Магнитогорский Металлургический комбинат предлагал матери стать Главным художником после того, как она оформила выставку «Магнитка – фронту». Но мать была занята в местном театре и вела рисование в ремесленном училище при заводе. Брала меня с собой, проходили через заводской цех, видел я ребят старше меня, каких избегал на улице: один бритвой срезал у меня с пальто все пуговицы, но его во-время мать перехватила, накормила, он вернул пуговицы, а мать пришила их обратно.
У станков ребята стояли на перевернутых ящиках, их отцы воевали, у многих отцов уже не было.
И у дикой Магнитной горы
Под высоты просторных небес
Мы построим под светоч зари
И мартены, и домны, и ЦЭС.
Александр Ворошилов (1931).
Я тоже сочинил поэму: на наших глазах воздвигалась Шестая домна. Рефрен: «Всё для фронта, всё для побед». Побед рифмовалось с «Таков у нас обет». Кому ни читал, слышали «обед» и протестовали против гастрономического мотива, но другой рифмы найти я не мог, так и «опубликовал» самодельно, в единственном экземпляре со своими иллюстрациями. Воспел я домну как «гигантский стальной рукомойник»: умываясь утром, видел из окна заводские «рукомойники», возвышавшиеся рядом с нами. На горизонте Уральский хребет, вершины гор зимой накрывались белыми шапками, но если над городом выпадал снег, то белая пелена на другой день становилась черной от сажи из «рукомойников».

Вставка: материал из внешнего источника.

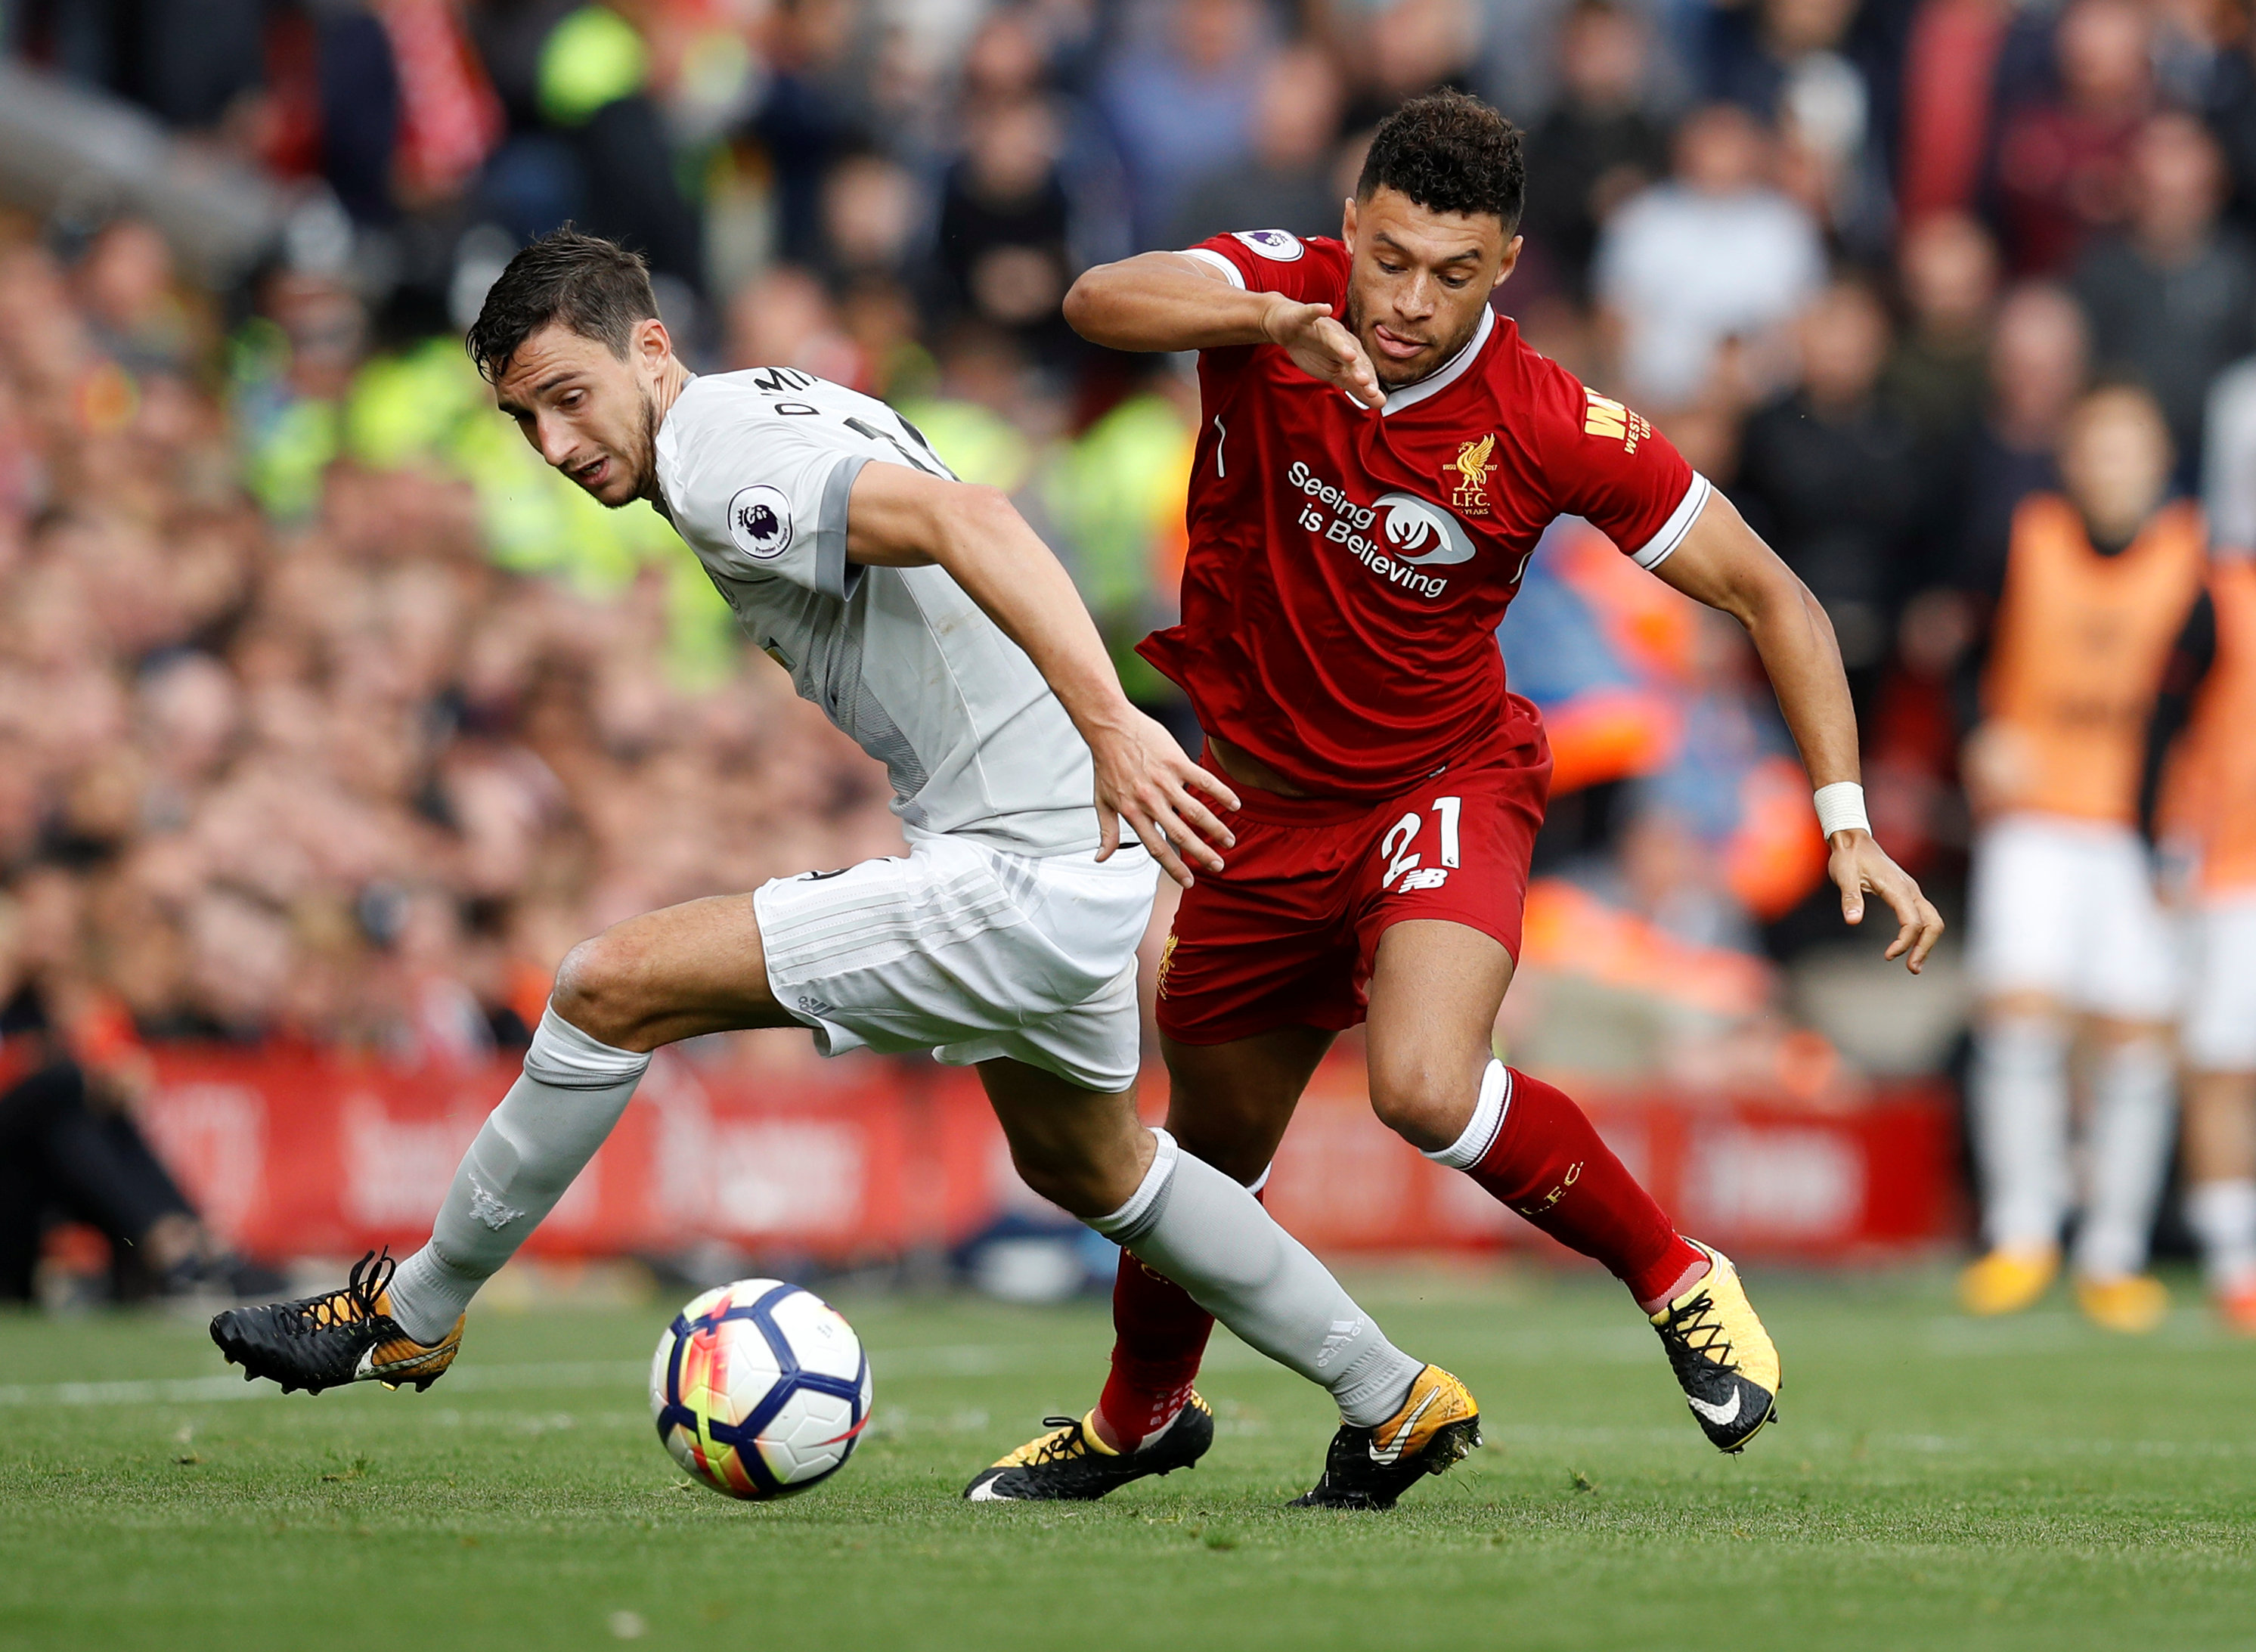 Football: Liverpool's Ox struggling to find his feet

Все опасности, невзгоды, уж не говоря о неудобствах, воспринимались без ропота: война! Не помню, чтобы из взрослых кто-нибудь болел. У меня было четыре воспаления легких. Переливали мне кровь (взяли от отца). По телу высыпали язвы под коркой. Эвакуированный московский врач рассмотрел в лупу мои волдыри и определил: Streptodermia Bulbsa. Просто говоря, лишай. Мне так и говорили: «Мальчик, у тебя лишай». Я возражал: стрептодермия буллёза! Чтобы меня подкрепить, мать сдала в спецраспределитель семейную ценность дореволюционных времен, длинную и увесистую золотую цепь, которая не имела практического употребления, кроме того, что на цепи я держал своего игрушечного слона, слон соединял меня с Москвой: в Московский Зоопарк ходили мы к слонам. Цепи было мне жаль, зато нам на «Виллисе» привезли продуктов, и я съел банку жира. Короста исчезла, следы язв оставались заметны до послешкольных лет.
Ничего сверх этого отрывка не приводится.